<<<<

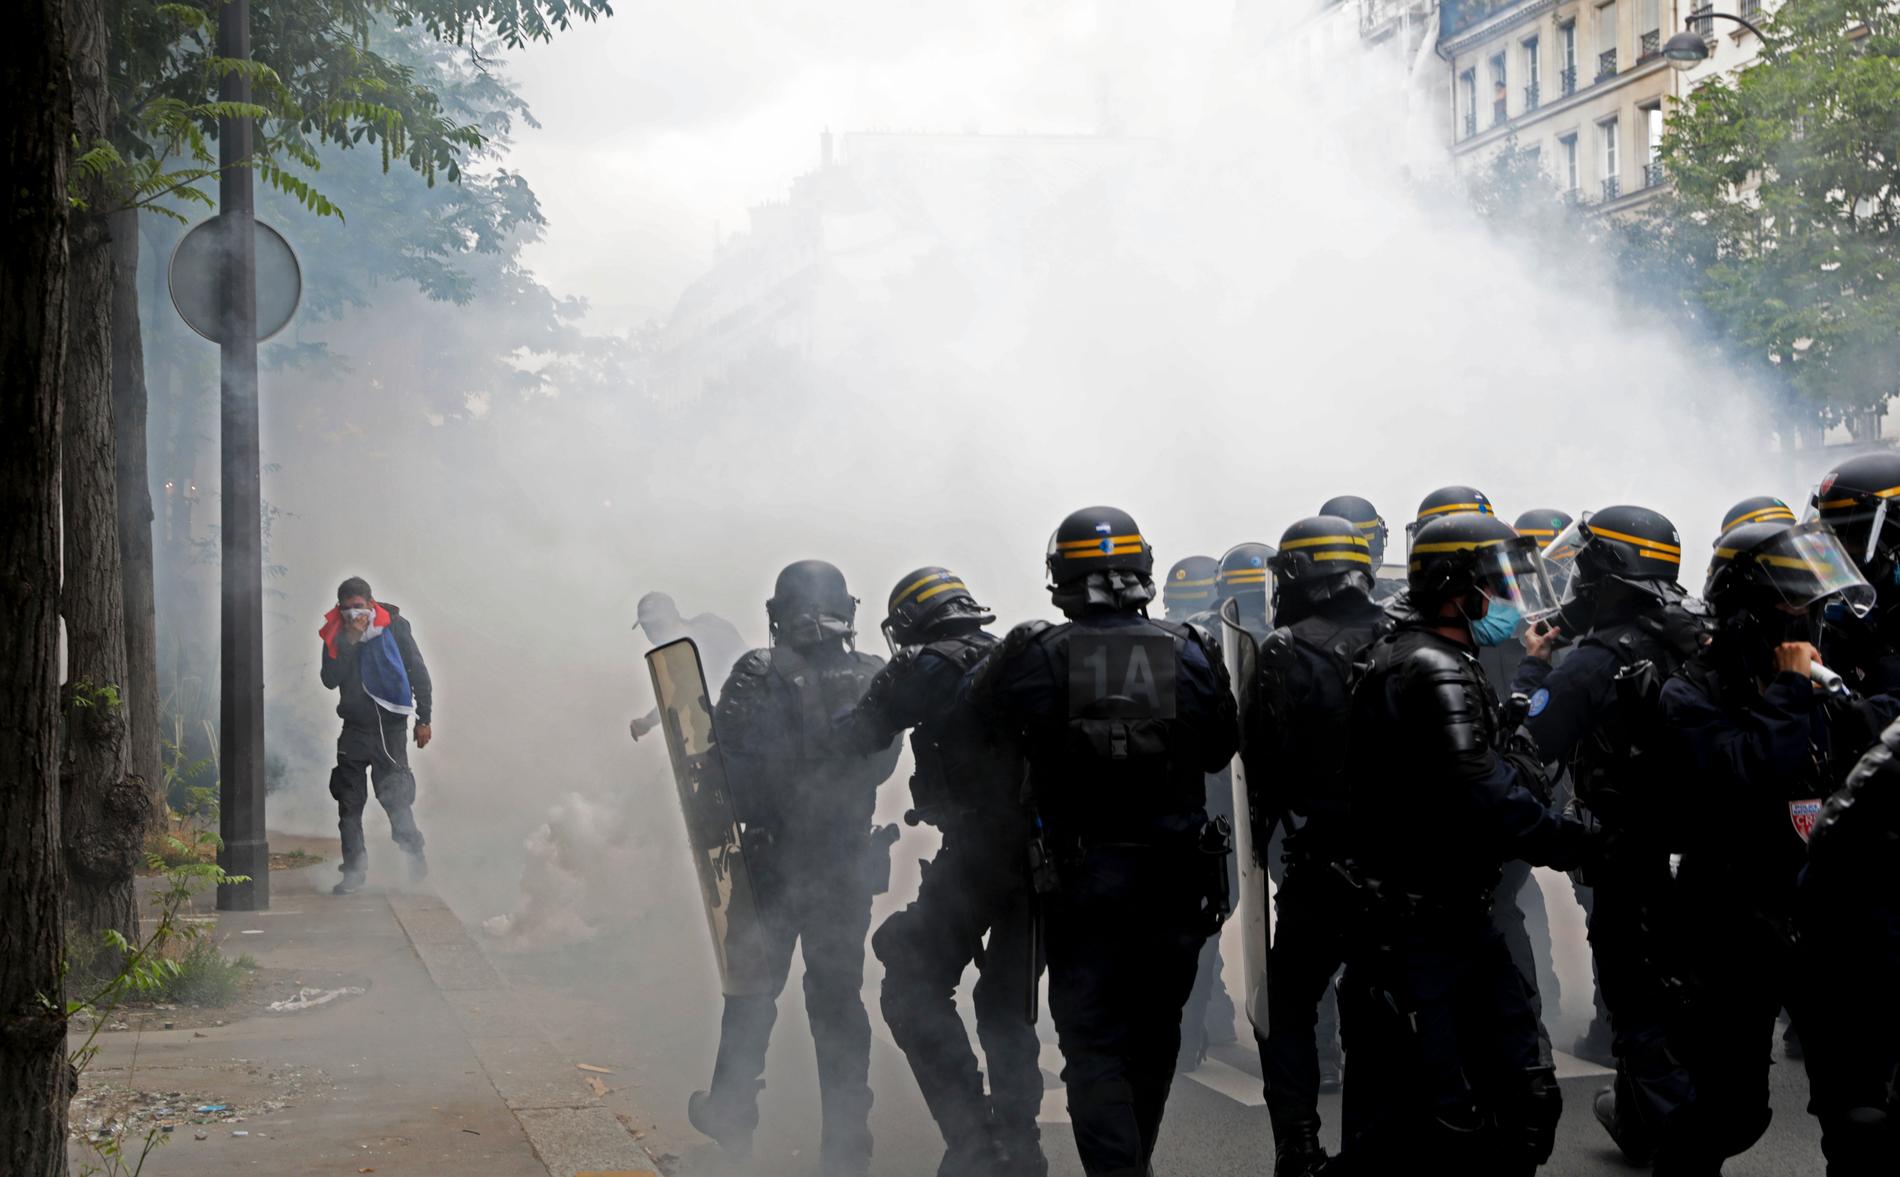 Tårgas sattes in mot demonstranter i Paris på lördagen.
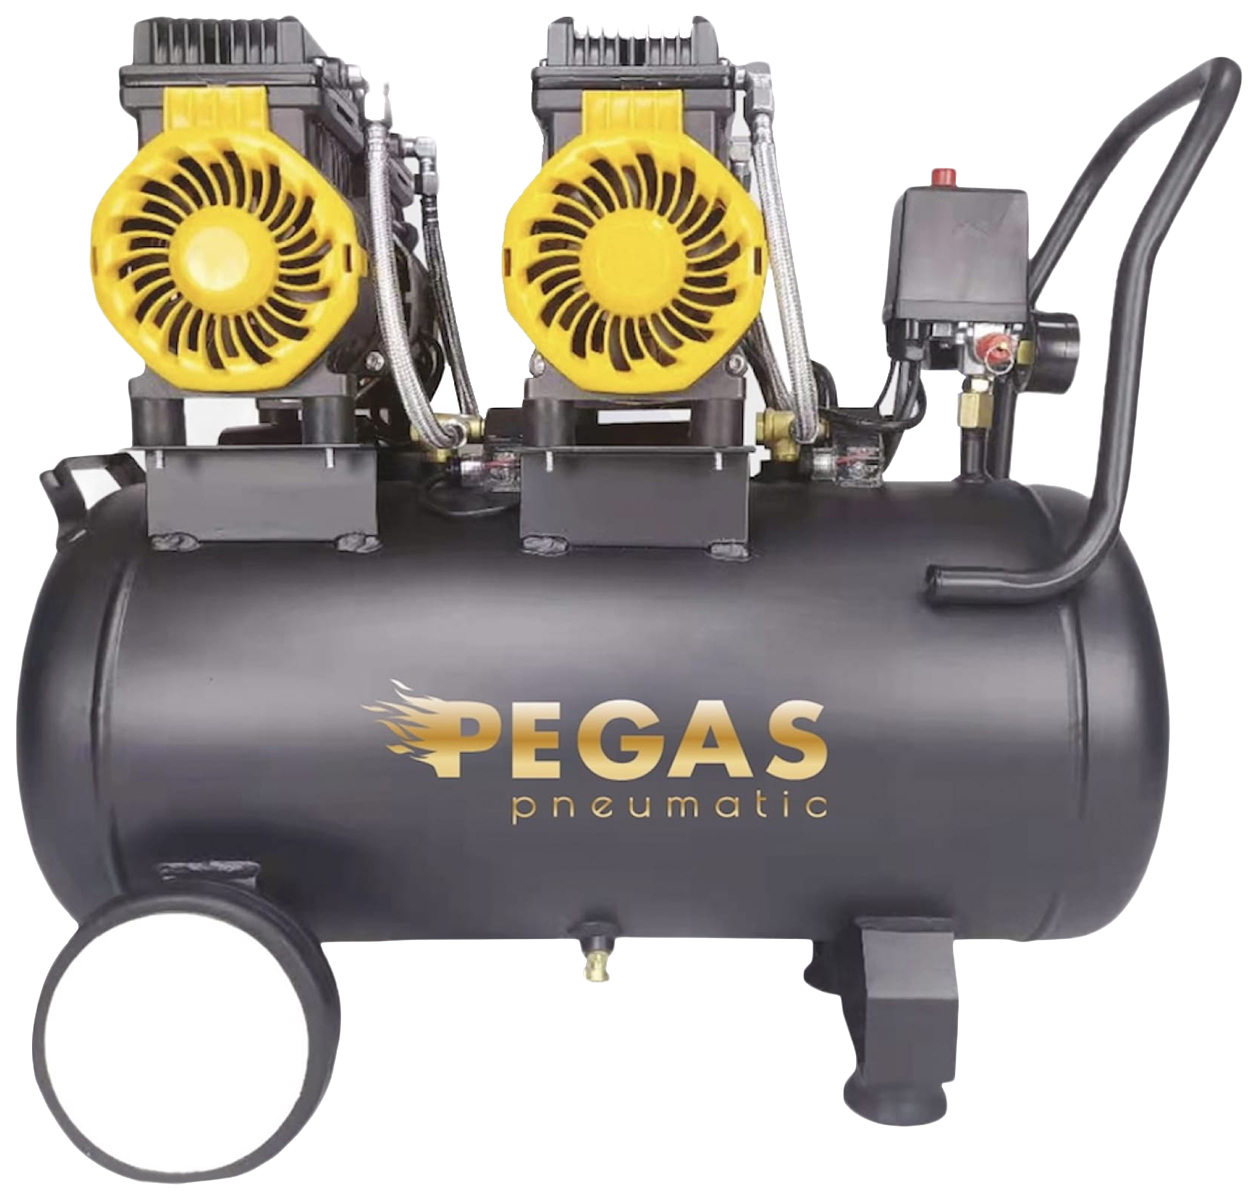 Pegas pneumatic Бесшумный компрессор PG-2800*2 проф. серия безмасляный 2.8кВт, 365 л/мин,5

>>>>
<<<<

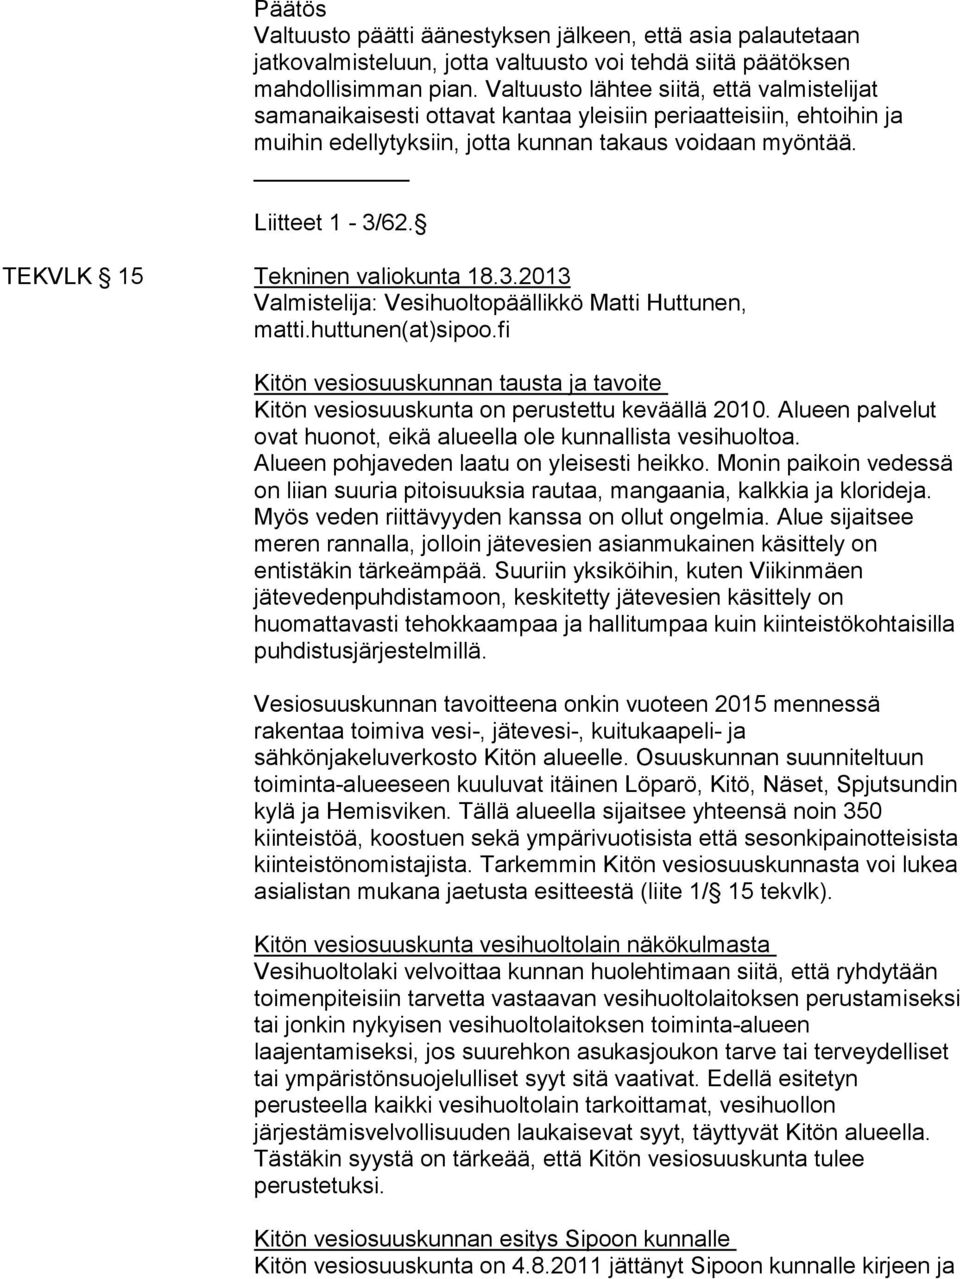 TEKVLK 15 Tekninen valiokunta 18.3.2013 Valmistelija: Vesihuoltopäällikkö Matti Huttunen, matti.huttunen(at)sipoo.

>>>>

- _Problem to work on_:
Given the entries above, transcribe exactly the lines from the one holding "Tårgas sattes in" through the one holding "Pegas pneumatic Бесшумный"; pictures do not belong in the transcription.

- _Solution to the exercise_:
 Tårgas sattes in mot demonstranter i Paris på lördagen.
 Pegas pneumatic Бесшумный компрессор PG-2800*2 проф. серия безмасляный 2.8кВт, 365 л/мин,5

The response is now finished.